Improving the clinical selection of patients that require imaging and immobilization is warranted and a well-designed clinical decision rule could be the solution. Combining several clinical tests such as tenderness in the anatomic snuffbox and painful longitudinal thumb compression tests has already proven to increase the diagnostic accuracy of the clinical assessment of scaphoid injury [3, 10, 11]. However, these studies were either underpowered, of uncertain methodology or were impractical for implementation in daily practice.

The aim of this study was to develop and validate an easy to use clinical decision rule, applicable in the ED that limits the number of unnecessary splinting and diagnostic follow-up in suspected scaphoid injury, without increasing the risk of missing a fracture.

Methods

Study design

This study was part of a comprehensive research project, the Amsterdam Wrist Rules.

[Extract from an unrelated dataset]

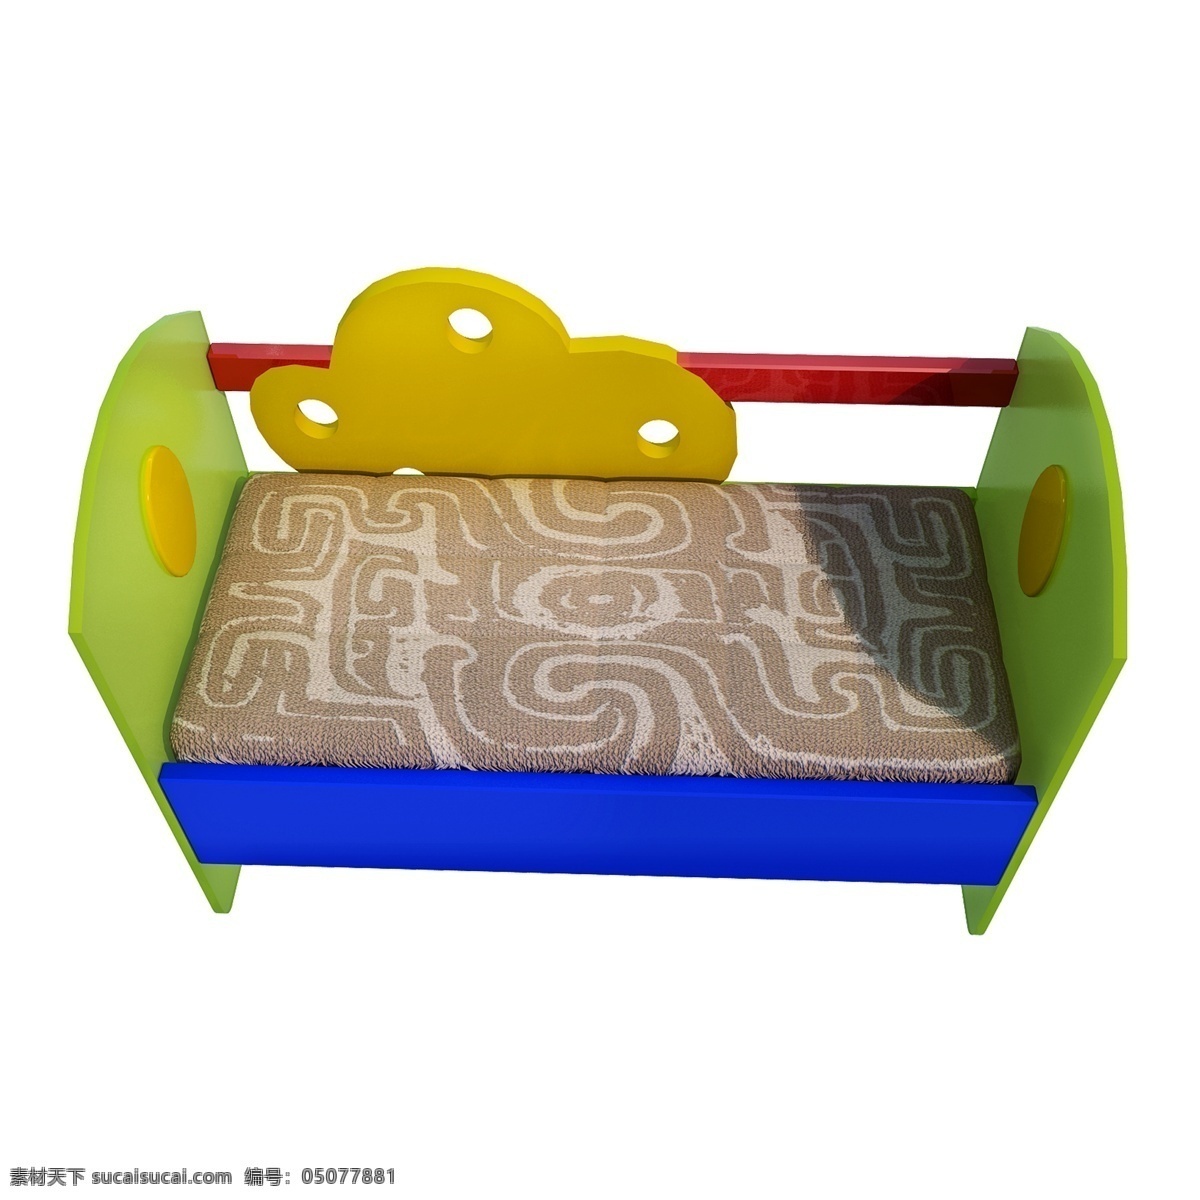 立体 婴儿床 图 婴儿用品 质感 png图 创意 3d 套图 养孩子 组装床 婴儿房 育儿

This study included all wrist injuries to identify predictors for a distal radius or a scaphoid fracture [20]. A prospective multicenter study was performed, consisting of three components: (1) derivation of a clinical prediction model for detecting scaphoid fractures in patients following wrist trauma; (2) internal validation via bootstrapping and (3) design of a clinical decision rule. The study was conducted at the emergency departments of five Dutch hospitals from November 11, 2010 to June 25, 2014. The participating hospitals included one academic hospital and four regional teaching hospitals. Our Institutional Review Board approved this study without the need for informed consent. The trial was registered at the Dutch Trial Registration prior to start of inclusion (NTR 2544, www.trialregister.nl).

The entire dataset of the Amsterdam Wrist Rules comprised a consecutive series of all adult patients (≥ 18 years) presenting to the emergency department (ED) with acute wrist injury (within 3 days after the initial trauma). For this trial, all patients that were suspected for a scaphoid fracture according to the treating (ED) physician were included. In addition, the entire Amsterdam Wrist Rules dataset was searched for possible missed scaphoid fractures with a time frame of at least 3 months after initial ED presentation. All patients had radiographs (one posteroanterior, one true lateral and, if suspected of a scaphoid fracture, one semipronated oblique and posteroanterior view of the wrist in ulnar deviation). Patients were excluded if radiographs were performed prior to clinical evaluation; if any previous initial treatment was started in another hospital; if evaluation was performed by a nurse or general practitioner/house doctor; in case of multi-trauma or severe pain preventing examination; and any cognitive disorders limiting accurate response to questions. All patients with a true scaphoid fracture (both initially visible and occult) and all patients without a scaphoid fracture were divided into two groups for comparison of characteristics (Fig. 1: flowchart).

Fig. 1
figure 1

Flowchart of patient inclusion and exclusion

ED physicians or residents in (orthopedic) trauma clinically evaluated all patients by using a specially designed case record form (CRF) prior to initial radiographs. Since knowledge of anatomy and tests was essential, education was given by presentations and laminated descriptive sheets to the residents and ED physicians prior to the study initiation. Both demographics and clinical tests were implemented in the CRF (Table 1). These variables were based on a recent review [7]: age, sex, presence of swelling in the anatomic snuffbox (ASB), tenderness in the ASB, painful longitudinal thumb compression, scaphoid tubercle tenderness and pain over scaphoid with ulnar deviation. Definitive management was not interfered by the outcome of the CRF. An immobilizing cast or splint was given to those patients who were clinically suspected by discretion of the ED physician. The data on the CRFs were extracted by two researchers.

Table 1 Predictors and tests

The primary outcome measure was the presence of a scaphoid fracture, diagnosed on initial radiographs, during re-evaluation after 1–2 weeks with repeated clinical evaluation (painless anatomical snuffbox and no pain with longitudinal thumb compression) and/or repeated radiographs or on additional imaging (MRI or CT). A fissure and an avulsion were classified as a fracture. The attending orthopedic trauma surgeon and/or a resident in orthopedic or trauma surgery and a radiologist evaluated the images during the trauma meeting the following day, they received normal clinical information and were blinded to the content of the case record forms.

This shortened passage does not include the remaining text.